Tuesdays with Story
10/4/22
The first word . . .
From the beginnings of literature, poets and writers have based their narratives on crossing borders, on wandering, on exile, on encounters beyond the familiar. The stranger is an archetype in epic poetry, in novels. The tension between alienation and assimilation has always been a basic theme.
Jhumpa Lahiri
Tuesday evening. . .
Seven TWS writers attended October 4 meeting.
Suzanne Gillingham (Kaleidoscope, Chs. 1-2) The characters were interesting and for the most part likable. The first chapters had too much telling and not enough showing with too much info dumping though there were areas that needed more explanation, for example, souls vs emotions. Also needed was a conflict set-up.
Bob Kralapp (Logical Realities of World)
(Logical Realities of the World, short story) The major observation was that the story felt unfinished, and left the reader with far too many unanswered questions. Judy suggested that the opening paragraph needed to be broken into shorter paragraphs for ease of reading. Amber commented on the tension generated in the concluding scene. Thanks one and all for the excellent comments.
Kashmira Sheth (Journey to Swaraj, Chs 26-27) Over all the comments were positive. John had suggestion to change the last sentence and also take out one trivial sentence. Judy pointed out to one verb that needed to be changed. Judy also asked about theme of the book. Amber said the story was coming of age. Larry suggested defining the word “swaraj” (self-rule) earlier in the story. We also talked about “theme” in general. Bob doesn’t start with a theme, Larry does. I have quotes about theme in this newsletter. Thank you.
Judy Cummings (A Real Hero, Chs. 3-5) In general, everyone liked the character’s voice and felt the plot was moving along well. Larry suggested putting the protagonist’s name and age earlier in the manuscript, along with correcting the use of military salutations. Amber pointed out some confusion with unclear dialogue tags and John recommended tightening up the language in a few places. Thanks for the feedback.

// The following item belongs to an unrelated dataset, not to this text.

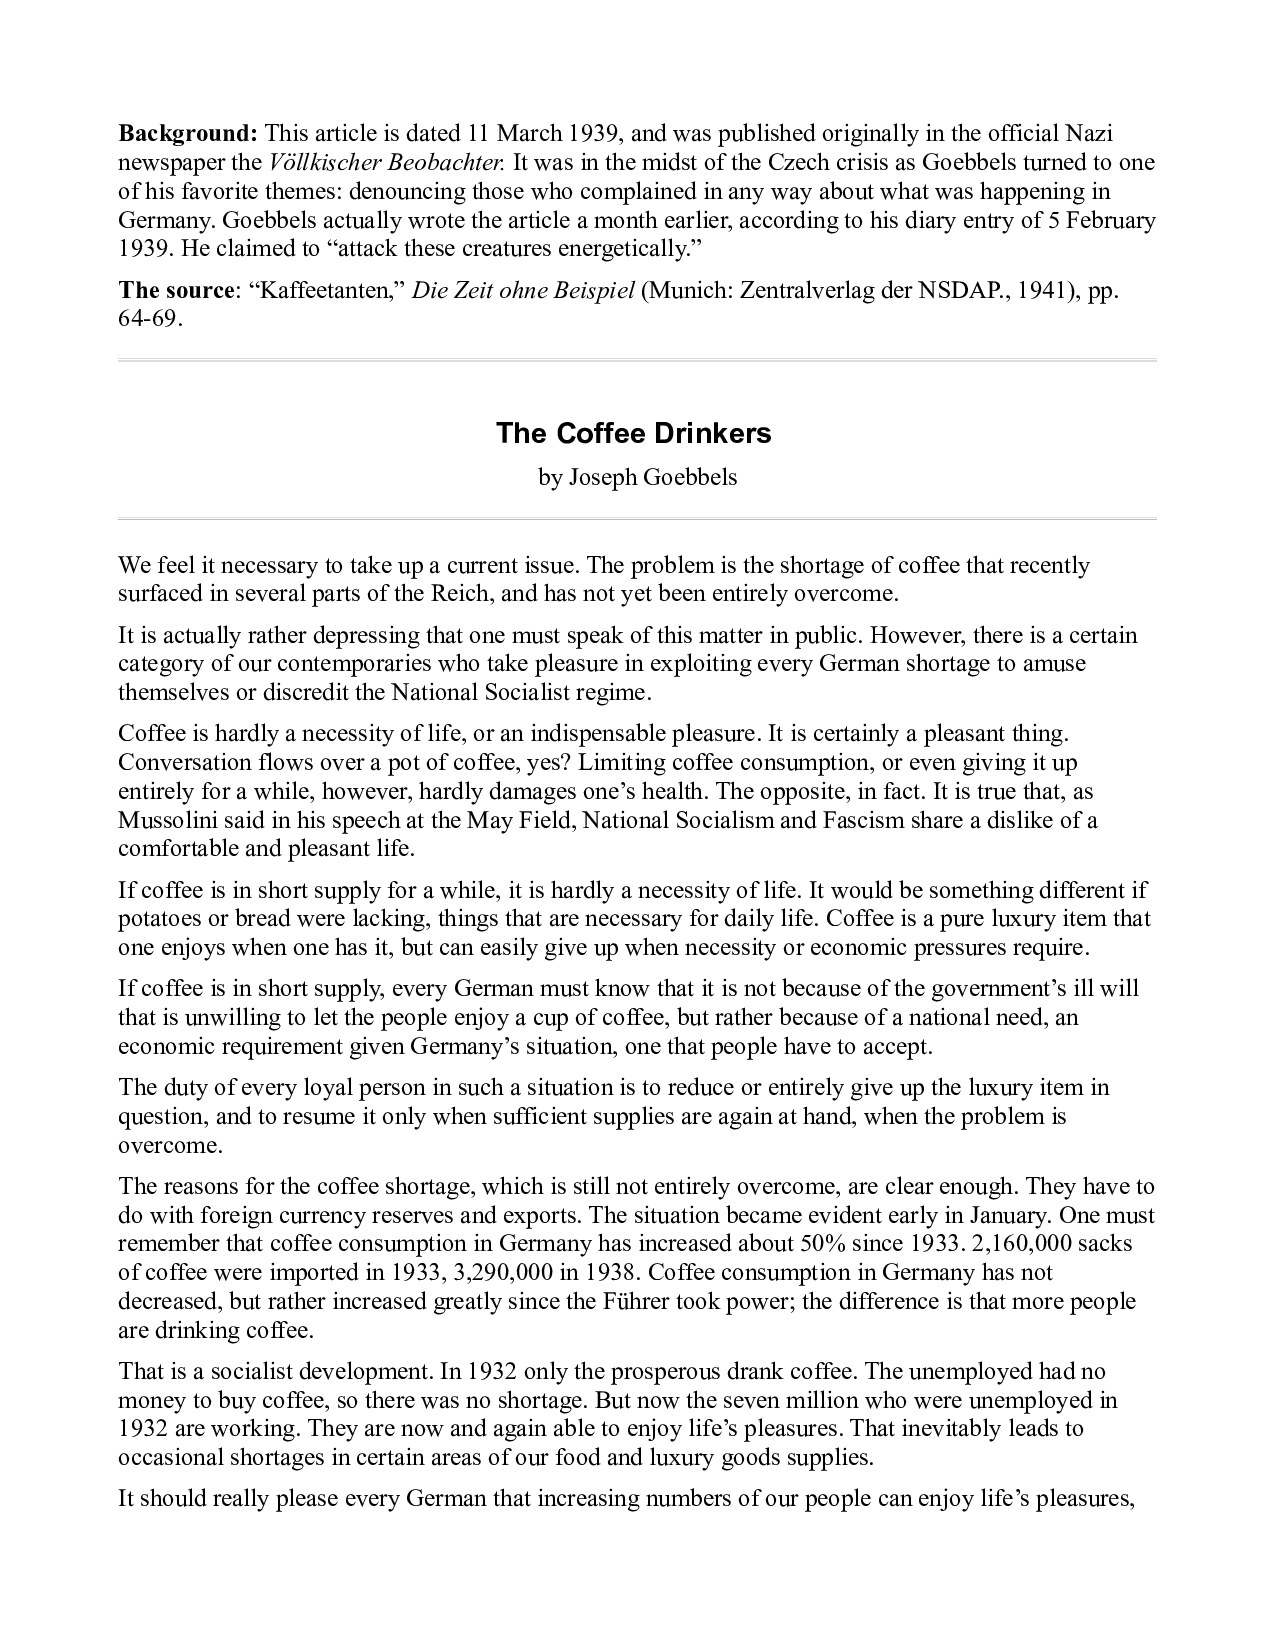 The Coffee Drinkers - Goebbels

Larry F. Sommers ) Lost in the Woods) Larry F. Sommers, “Lost in the Woods”: Everybody liked the general tone. A couple of “cute” bits in dialog could have been left out. Judy refused to believe that in eight years of marriage Genie had learned nothing of Gus’s personal history. There were some thoughts that the old man, Carl, may have reached out to Gus by letters or by sending woodcarvings. Otherwise, it’s hard to see Gus’s motivation for re-establishing contact. Thanks for lots of constructive thoughts, everybody.
Presenter for our next meeting on October 18:
Amber Boudreau
Kashmira Sheth
Judy Cummings
Suzanne Gillingham
Please note that we still have two spots open.
The last word . . .On themes from the writing master class.
- 1. Put your characters in conflict with one another. Most themes center on controversial ideas that are a source of conflict for human beings. By putting your characters in conflict, you’ll create more opportunities for actions, choices, and conversations that enable them, and your readers, to tackle your theme head on.
- 2. Reinforce your theme with motifs. A motif is a recurring image or detail that highlights the central ideas in a story through repetition. In F. Scott Fitzgerald’s The Great Gatsby, for example, Gatsby’s constant, lavish parties emphasize the theme of excess, materialism, and the pursuit of the American dream. Use motif to shed additional light on the theme and also give readers a reminder of its existence.
- 3. Represent your theme with symbols. Symbols are objects, characters, or settings that are used to represent something else (while, again, supporting the theme). A symbol may appear one time, or be present throughout the story. In The Great Gatsby, a green light symbolizes Gatsby’s dream for a better life with Daisy. In the beginning of the book, he reaches toward it; in the end, it seems unreachable.